Septuagénaire, Jacquie considère qu’elle a le féminisme “dans les gênes”. Militante à Femmes Solidaires, ses engagements s’inscrivent dans une lutte universaliste, sociale et antiraciste. Si la retraitée veut “mener ce combat avec les hommes […] et marcher avec eux”, elle réaffirme un principe : “Même s’ils peuvent manifester à nos côtés, on ne les laisse pas entrer au conseil d’administration. On sait que d’une façon ou d’une autre, ils pourraient exercer une forme de domination. »

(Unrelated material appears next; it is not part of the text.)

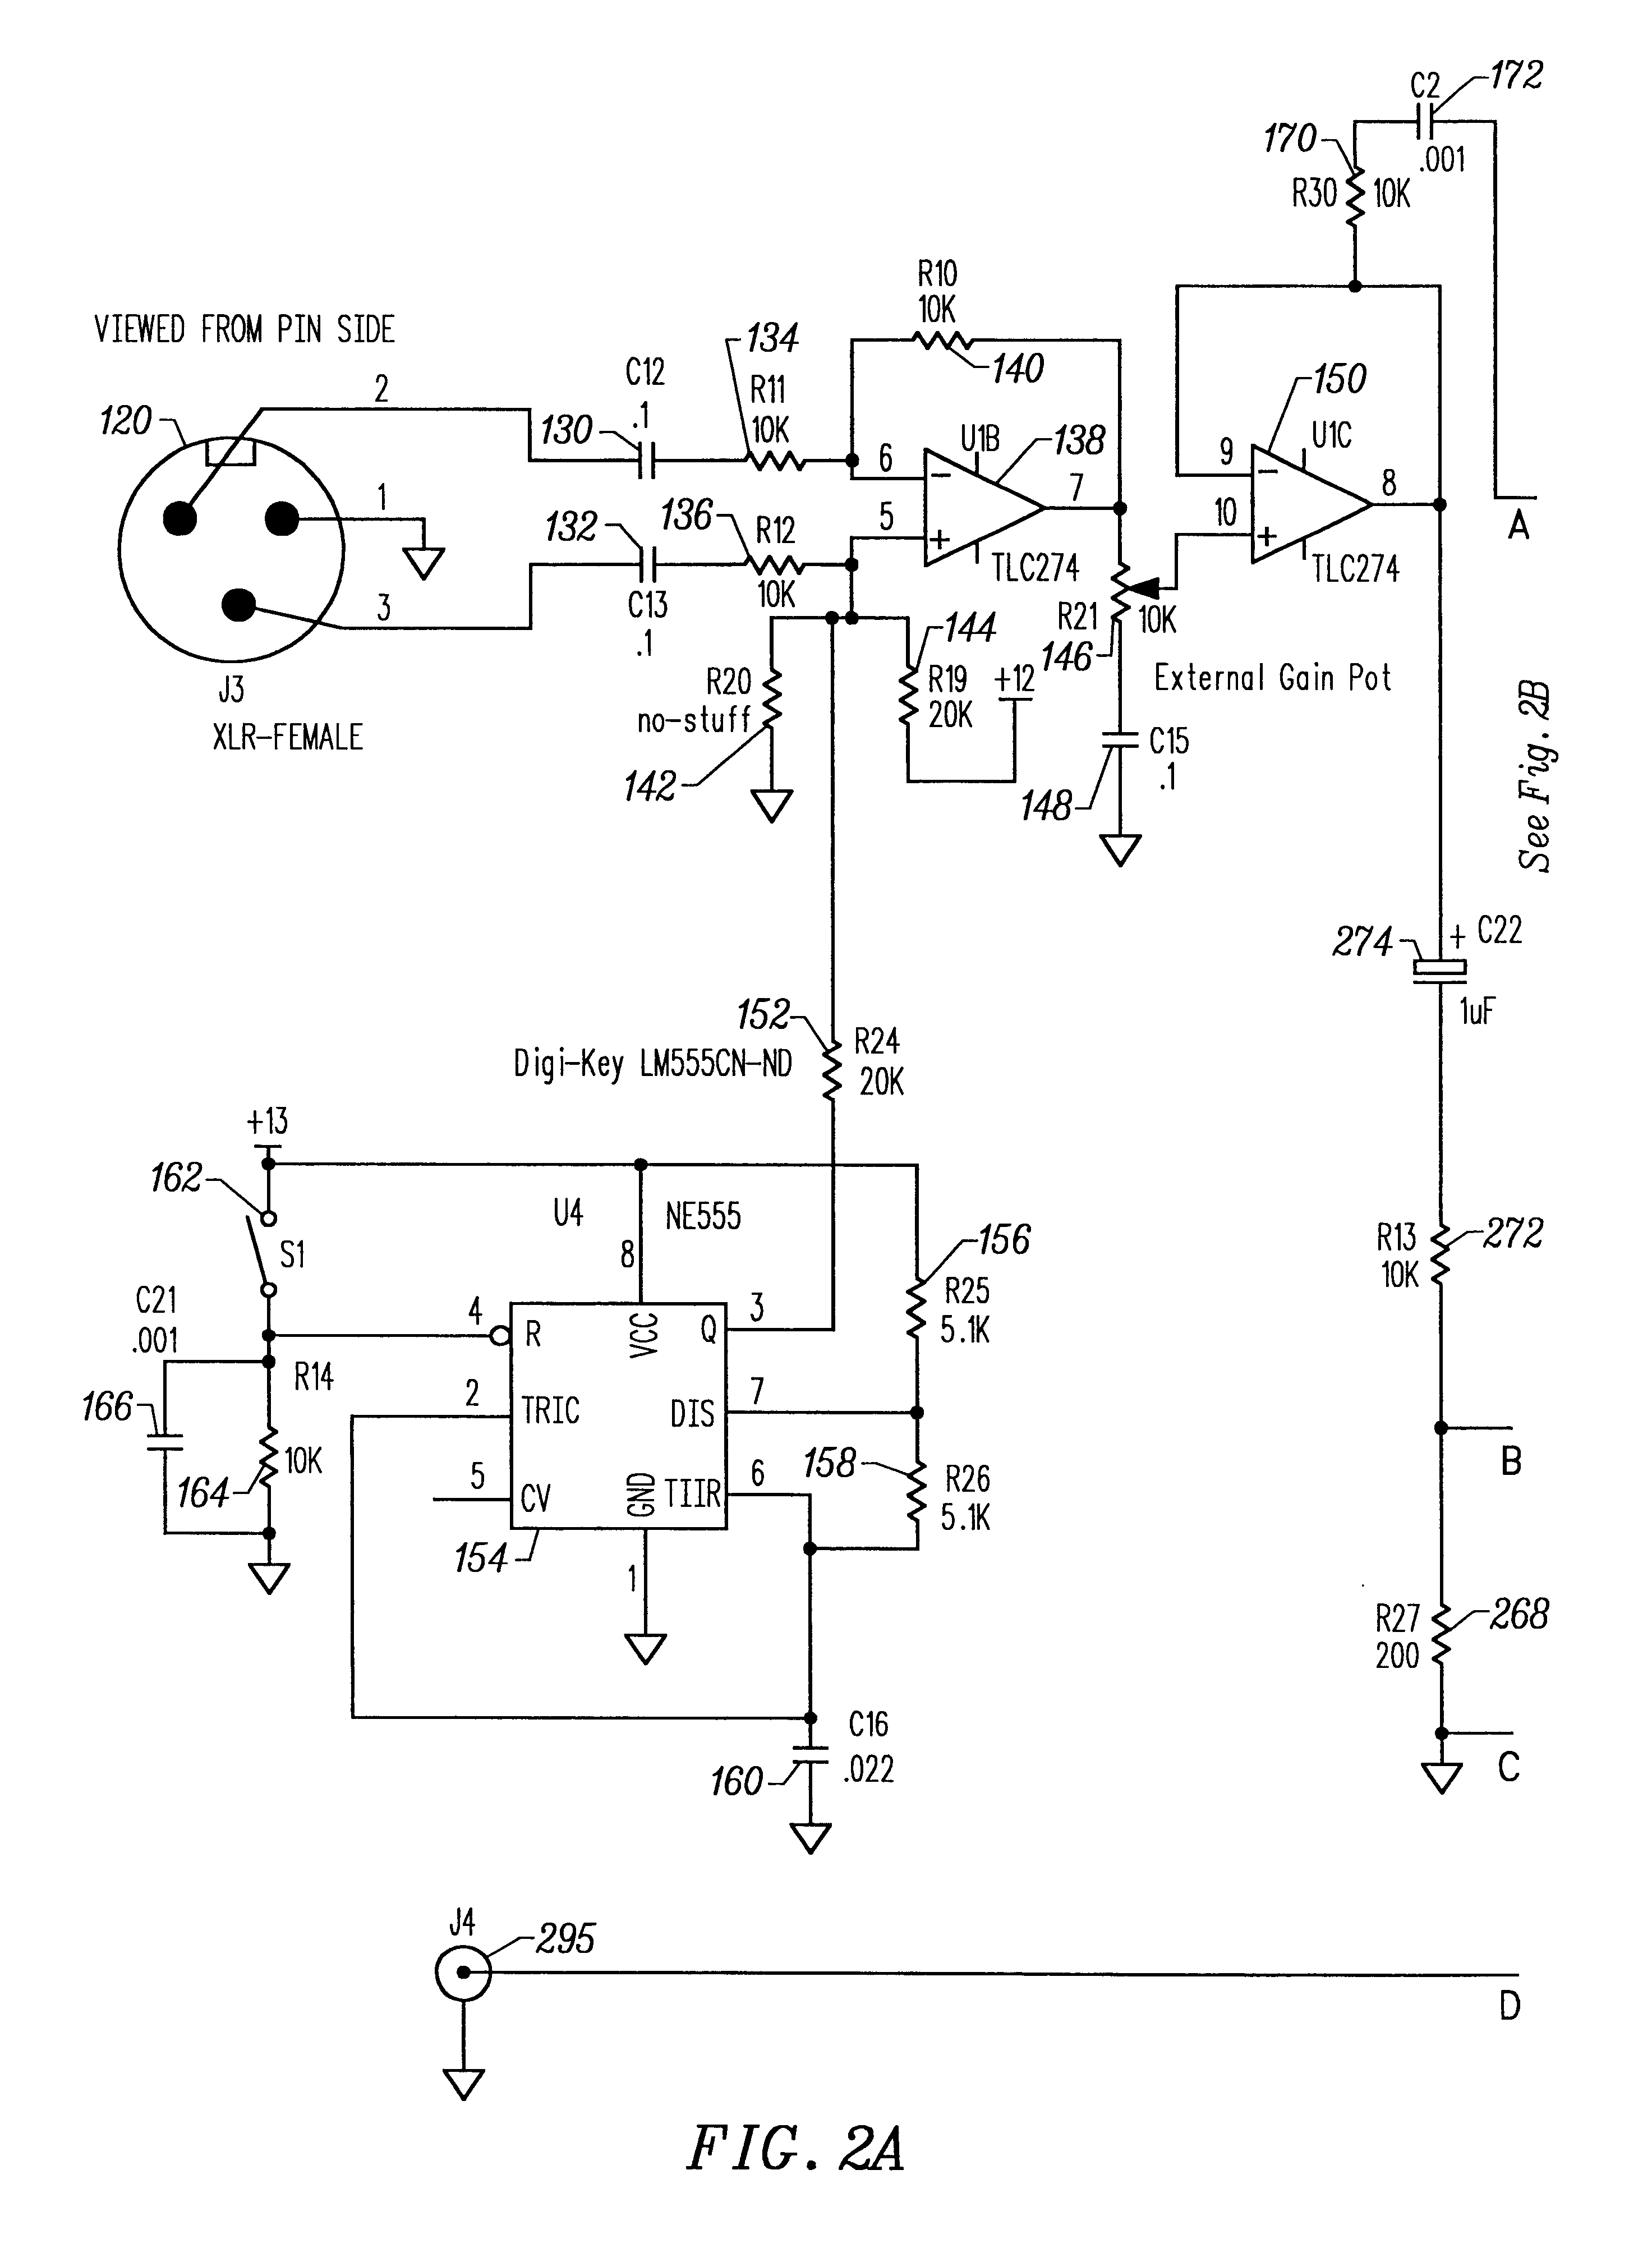 System for determining the end of a path for a moving object

“Quand j’ai commencé à militer, je voyais deux formes de féminisme : institutionnel ou individualiste et victimaire. Ça ne me parlait pas. J’ai même rejeté ces courants« . En s’engageant à Révolution permanente, Petra, étudiante d’une vingtaine d’années, a trouvé sa voie : “Je suis pour un féminisme de lutte des classes. Autrement dit, si le genre nous unit, c’est la classe qui divise et donc structure nos luttes.”
Lilou, 21 ans, est comme elle le dit elle-même de la génération des Marches pour le climat. Si elle s’est engagée d’abord dans un mouvement écologiste, celui des Jeunes écologistes de Bordeaux, difficile pour elle de ne pas voir le lien entre exploitation des femmes et exploitation de la nature. Elle abonde : “Des discours comme ceux de Sandrine Rousseau, sur l’écoféminisme, ça me parle fortement. J’aimerais m’engager dans un mouvement qui mêle ces deux causes ».
Si l’unité inter-associations est bien réelle, la marche radicale de nuit, prévue à partir de 19h ce mercredi 8 mars a pourtant secoué le milieu féministe bordelais. Organisée par le collectif Feminist and queers against patriarchy (Fack Ap !) pour la deuxième année consécutive, la question de la mixité divise. Côté organisateur·ices, cette modalité a un objectif principal : permettre à des personnes que la non-mixité empêche de venir de marcher pour leurs droits. Se définissant comme anti-autoritaire et anti-carcéral, le collectif souhaite aussi éviter que des biais transphobes et un phénomène de “surveillance” n’interviennent dans une marche qui se veut inclusive. Mais des membres du collectif le rappellent : ce n’est pas pour autant un appel à ce que les hommes cisgenres hétérosexuels, et donc non-concernés par les oppressions de genre, viennent manifester. Si la communication autour de ces arguments a été longuement réfléchie, elle n’a pas pour autant été comprise de tous· tes. La batucada féministe, groupe de percussions, a par exemple annoncé ne pas souhaiter participer collectivement à cette marche.
A 23 ans, Maya est la co-présidente de l’association Mouvement étudiant universel féministe (MEUF) qu’elle a elle-même fondée en 2020. Présente sur le campus Victoire, l’association n’a pas pris collectivement position sur sa présence à la marche de nuit organisée par Fack Ap ! A titre personnel, Maya rappelle l’importance de la non-mixité comme outil de lutte mais également la persistance des violences sexistes et sexuelles au sein même des cortèges.